Похоже, старые перечницы, еще помнят как Цербер подумал, что они друг-другу мячик кидают. А потом орали, что видели то, чего лучше не видеть. Ни одна морда не осознавалась, пришлось давать змее задание караулить на выходе и проверять.
И тут я увидел уже слегка знакомую нимфу, которая с грустью сидела на камушке.
- Господин! - вскочила она, оглядываясь по сторонам.
- Я вам где сказал сидеть? - спросил я, глядя на несчастнейшее лицо душонки. - На полях Элизиума. Поля - там. Это точно не поле.
- Госпожа хотела узнать свою судьбу, я не смела противиться ее воле... А мойры, хотели говорить с госпожой наедине и выдворили меня из пещеры, мой господин! - открыто врала мне нимфа. - А еще мойры сказали мне, что я здесь по ошибке…
- Ты и там, видимо, была по ошибке. Не переживай, таких большинство. Цербер. Сторожи ее, - я спокойно сошел с колесницы, направляясь в пещеру. Так, что я должен сказать в таком случае? “Как ты посмела!!!”. Нет, это слишком грубо. “Почему ты ослушалась…”. Хм… А дальше что-то вроде….
Защитные чары мойр не могли остановить меня и через мгновение я увидел в проходе пещеры Персефону, которая, медленно шла мне навстречу с лицом, белее ее хитона. Когда она увидела меня, то вдруг попятилась и замерла, прислонившись к стене.
Заготовленная тирада испарилась из моей головы в тот же миг, когда я увидел страх в ее глазах. Я поднес ладони к лицу - глаза не светились. Значит, не я. Но шарахаются от меня. Понятно. Обычно после общения с мойрами мало кто уходит счастливым.

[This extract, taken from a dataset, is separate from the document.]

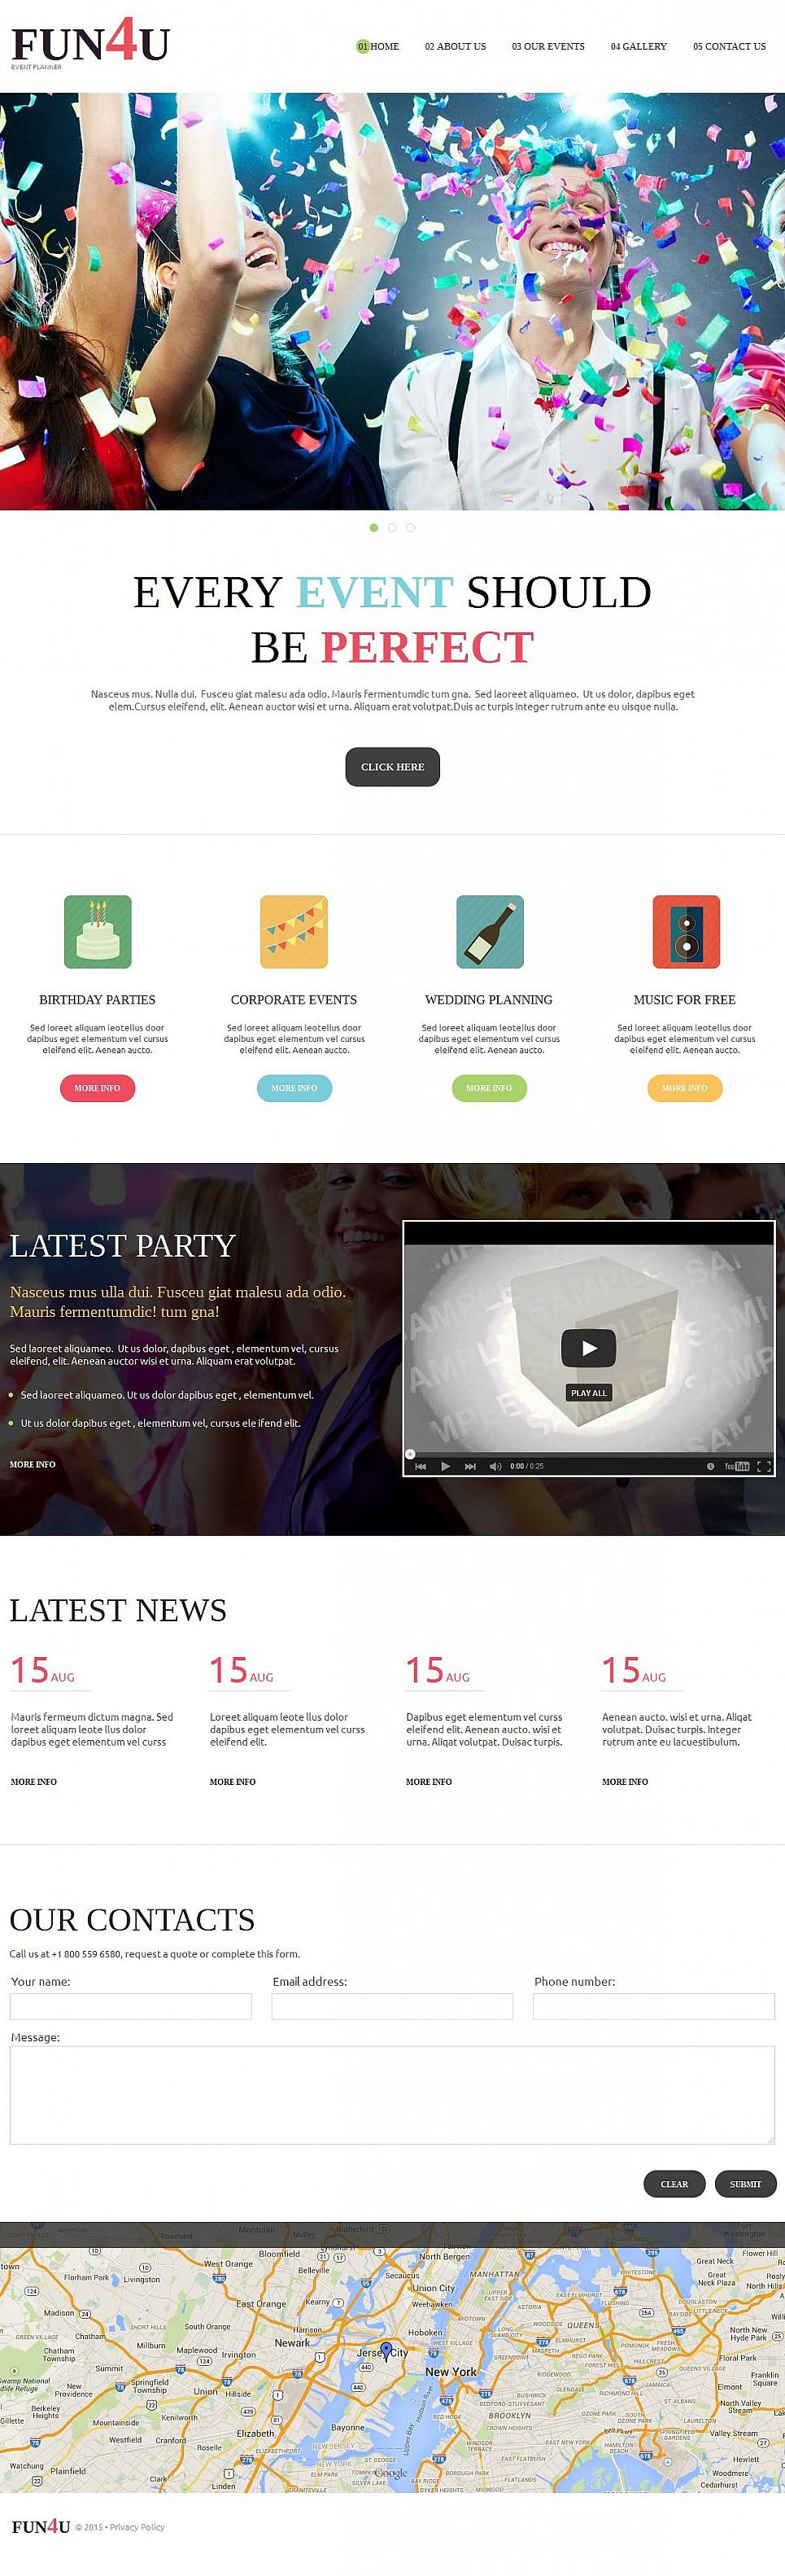 Event Planner Website Design - image

- Во дворце разберемся, - вздохнул я, таща ее на выход, хватая перепуганную Минту и Цербера. Через мгновенье мы были во дворце.
- Деметра, - услышала я плачущий, надрывный голос Афродиты. Вот умеет она плакать так, что ни один мужчина не устоит. - Деметра, помоги мне, умоляю.

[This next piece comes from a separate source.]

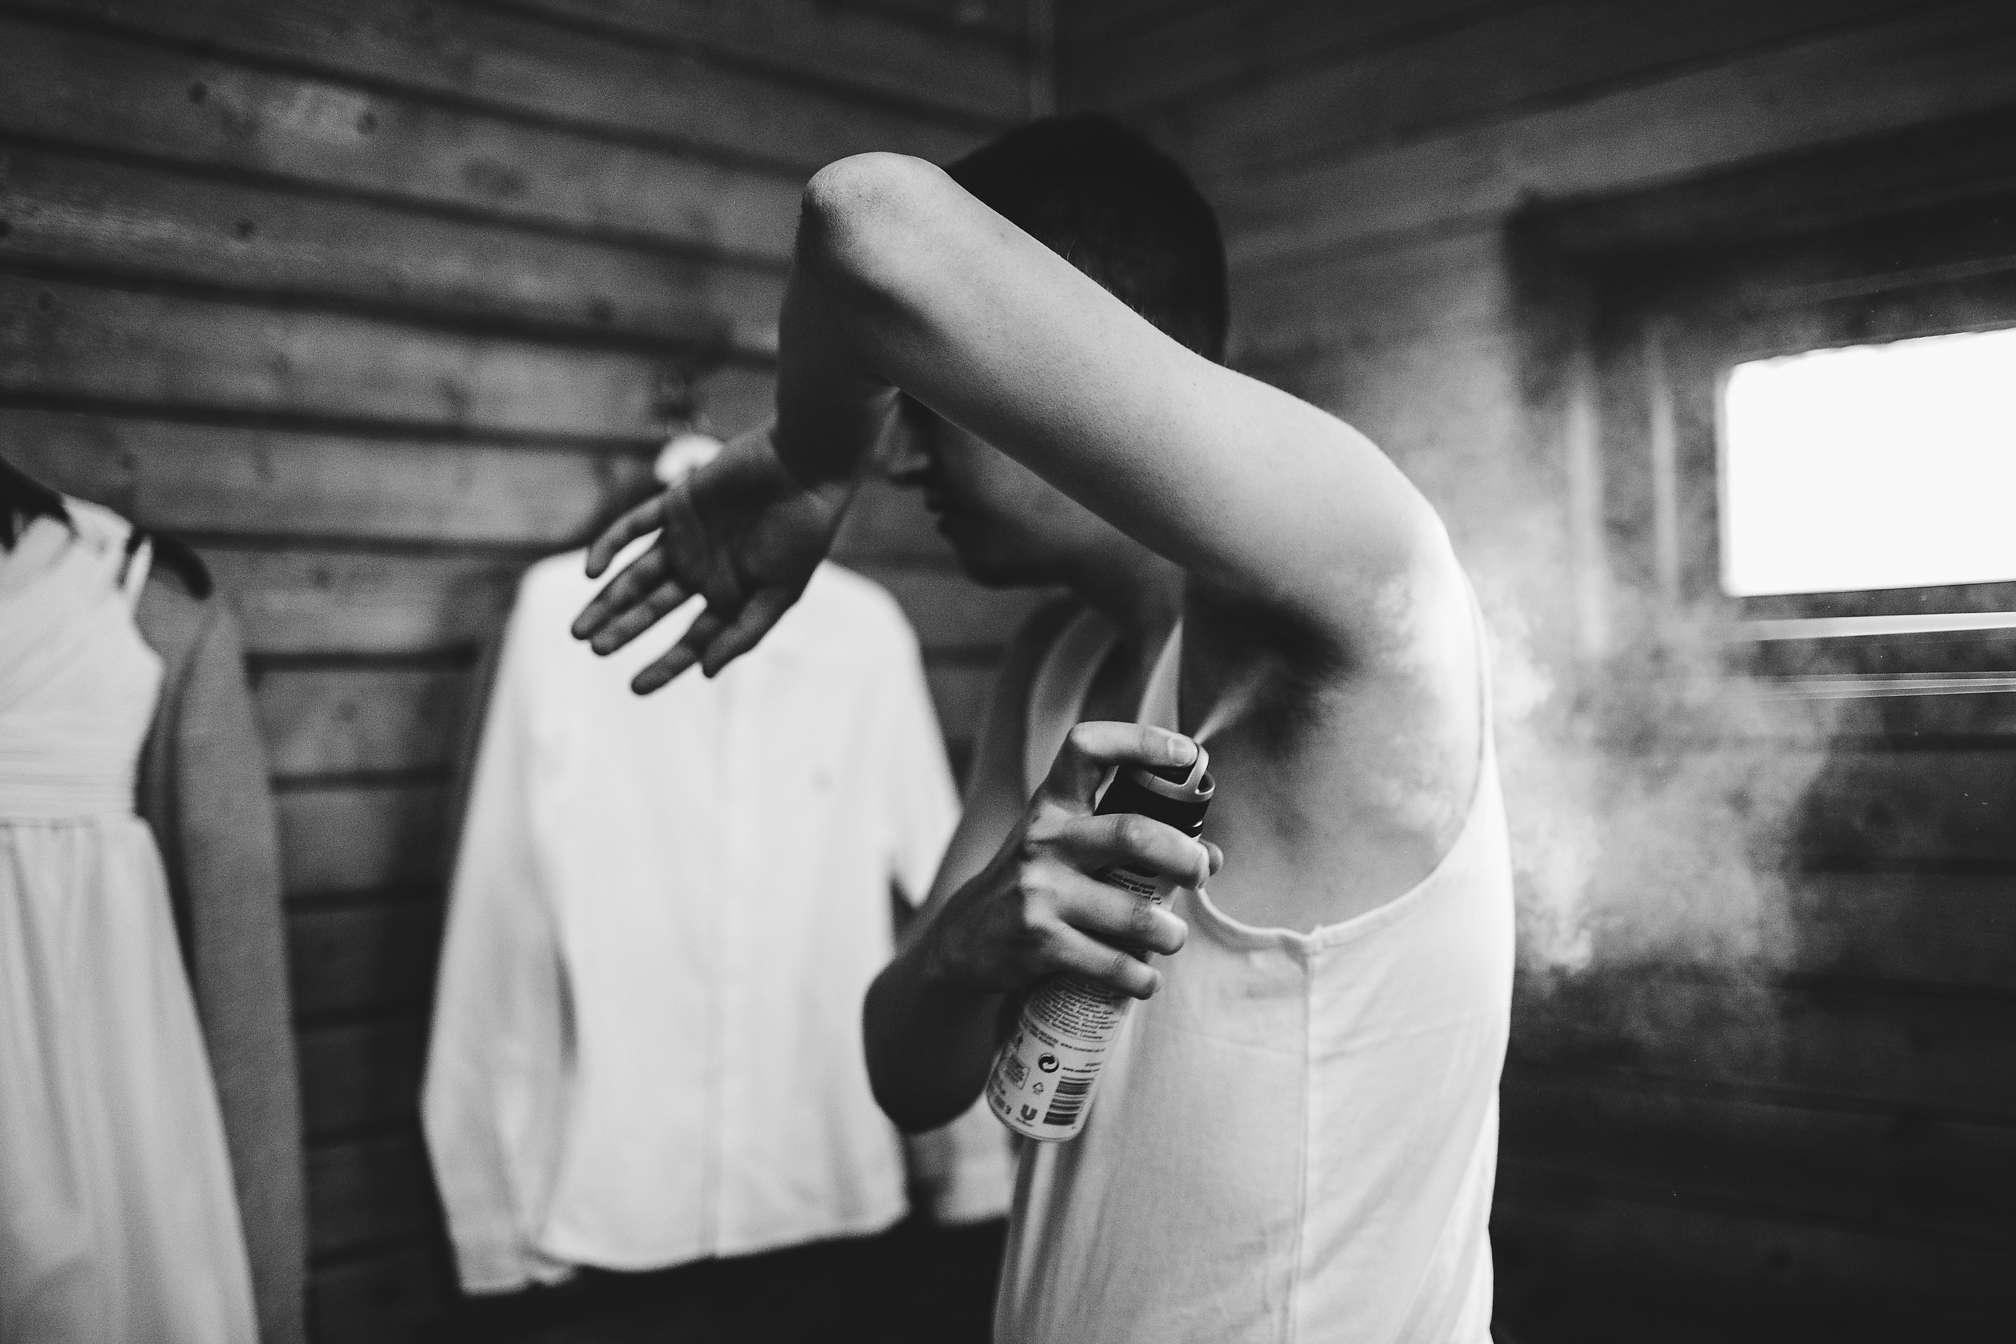 Under arm deodorant

Племянница упала на колени и заливалась слезами прямо в моих покоях на втором этаже моего храма. Мелисса не могла её успокоить и беспомощно бегала кругами вокруг плачущей богини, предлагая ей то вино, то воду. Руки и ноги Афродиты были разодраны. Глубокие царапины на руках уже не кровоточили, но выглядели жутко. Если бы мне кто-то сейчас сказал, что это опухшее от слез лицо, эти растрепанные волосы и порванная туника принадлежат богине любви - одной из красивейших богинь, после моей Персефоны, разумеется, то я бы никогда не поверила!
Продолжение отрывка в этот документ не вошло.